Eli sees his pain, obsesses over it in fact, and simply feels unable to transcend his wounds. To other people, he hides behind cynicism, allusions to pop culture, snarky comments, and drugs, but to us privileged readers, he lays bare his sufferings, his intense desire, but shocking inability to actually connect to a real person. As a distinctly unreliable narrator, Eli provides unfair portrayals of his brother, but most importantly of his mother. His mother, a divorced, alcoholic, lonely woman with a fuck-up of a son, connects to her bottle, to her TV, and watches her son self-destruct in front of her eyes. Eli can barely acknowledge her humanity: she’s a decoration in his world, a source of pain, but not a person, until Eli finds himself in the hospital. There, for the first time, his mother gets to speak in a truly heart-shattering monologue that moved this reader to tears. In a deft, subtle manner, Wilson displays Eli’s epiphany about the actual humanity of his mother, through Eli’s ability, finally, towards the end of the book to name his mother. Such a small act signals such an important shift in Eli, and if you blink you will miss it, because humans don’t change, even in reaction to crisis, in an instant, but only over the slow drip of time.
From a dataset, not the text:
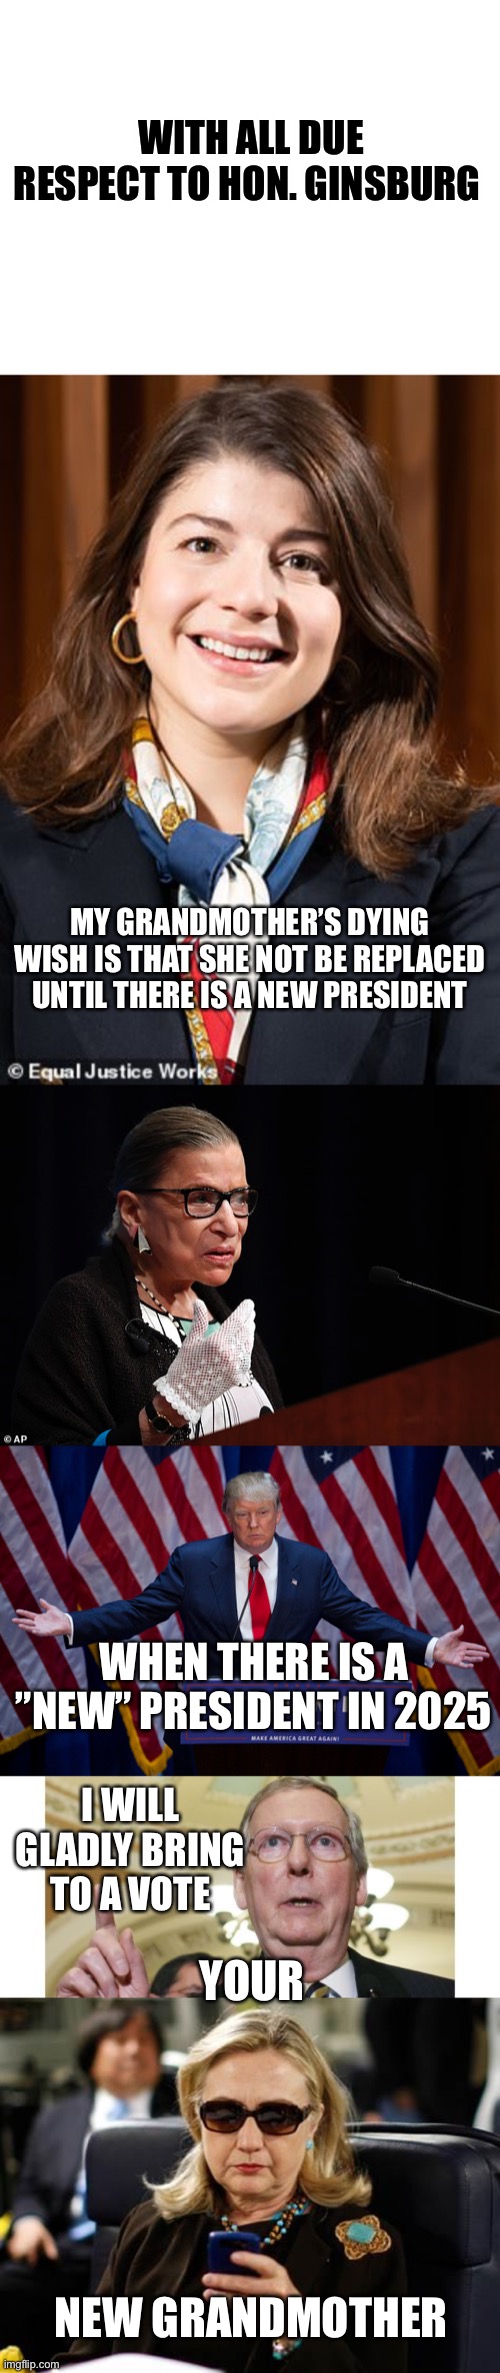 Be careful what you ask for and how you word it | WITH ALL DUE RESPECT TO HON. GINSBURG; MY GRANDMOTHER’S DYING WISH IS THAT SHE NOT BE REPLACED UNTIL THERE IS A NEW PRESIDENT; WHEN THERE IS A ”NEW” PRESIDENT IN 2025; I WILL GLADLY BRING TO A VOTE; YOUR; NEW GRANDMOTHER | image tagged in memes,mitch mcconnell,hillary clinton cellphone,donald trump,rbg,grandmother | made w/ Imgflip meme maker
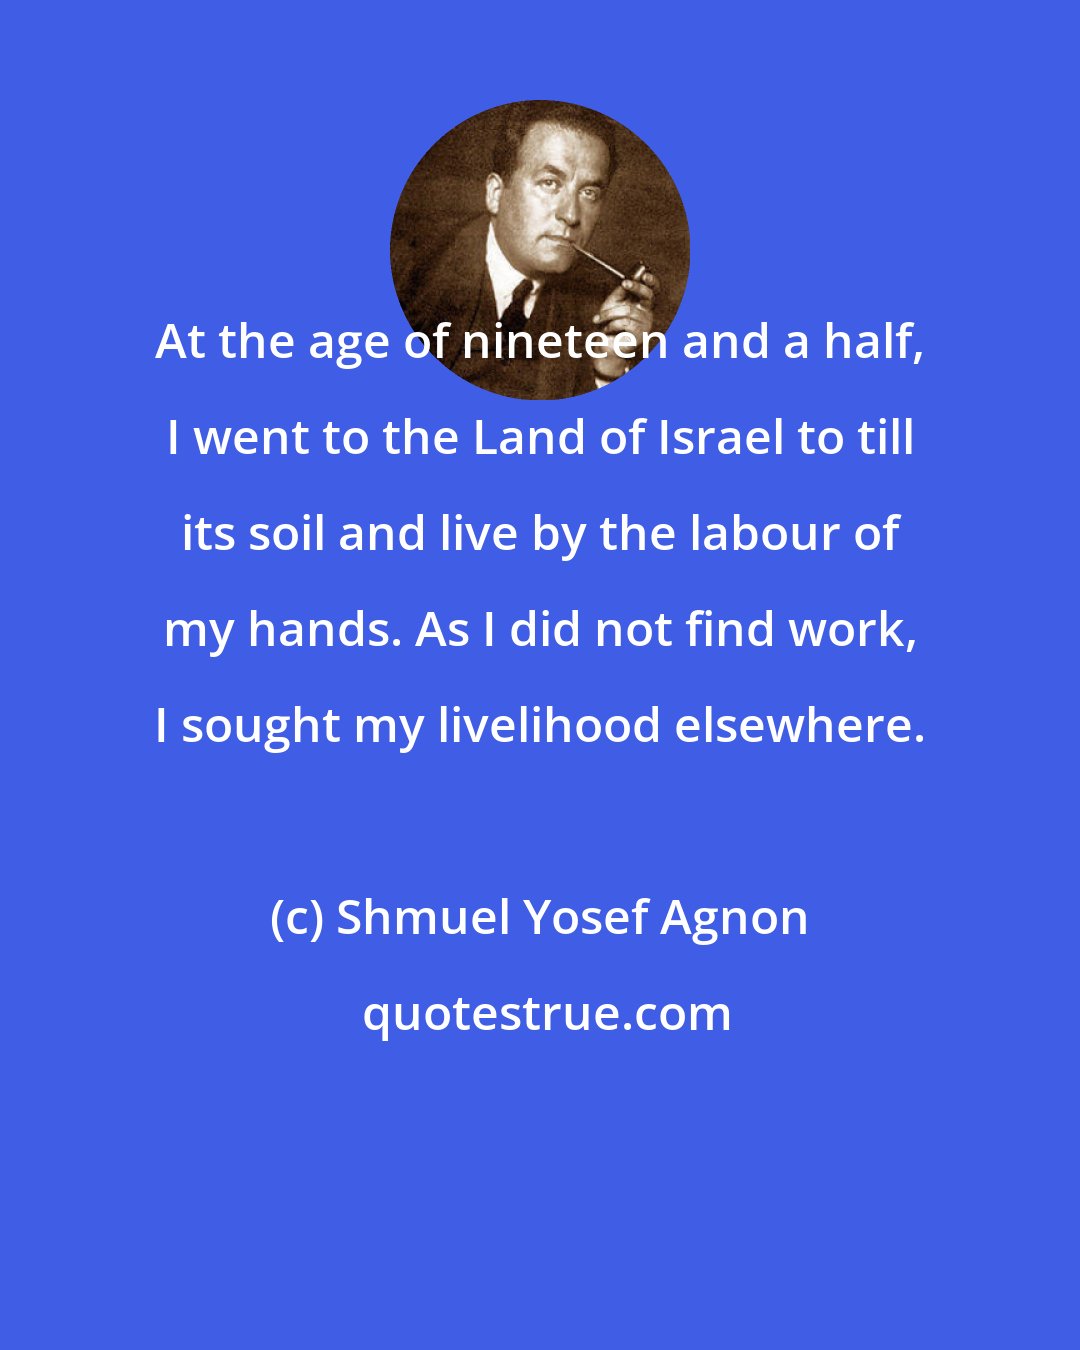 Shmuel Yosef Agnon: At the age of nineteen and a half, I went to the Land of Israel to till its soil and live by the labour of my hands. As I did not find work, I sought my livelihood elsewhere.

Eli’s pain feels self-indulgent, purposeless, but judging this pervasive pain of our generation does little to abate the pain. We know ourselves to be the product of luxury, of the comfort bestowed upon us by the works of our parents, we know ourselves as self-centered, closed off to a world full of ills that need healing, and yet, we choose to focus on ourselves because we cannot feel past our own, unexplained pain. Ignoring it will only exacerbate the emptiness clawing at our lives. Eli lives in that emptiness, and though at the end, no huge epiphany awakens our protagonist, Eli starts to learn how to connect, and in a sense, that’s one of the main sources of meaning we have left.
At the end of the novel, as I put the book down, I felt unburdened. If some part of literature entails a conversation, an attenuation of the loneliness we feel despite our plethora of friends (David Foster Wallace 2004), then Wilson’s book, his ability to acutely capture our existence, what it feels like to live today, helps me breathe more freely to begin to think and feel with clear eyes and full hearts (Friday Night Lights 2007).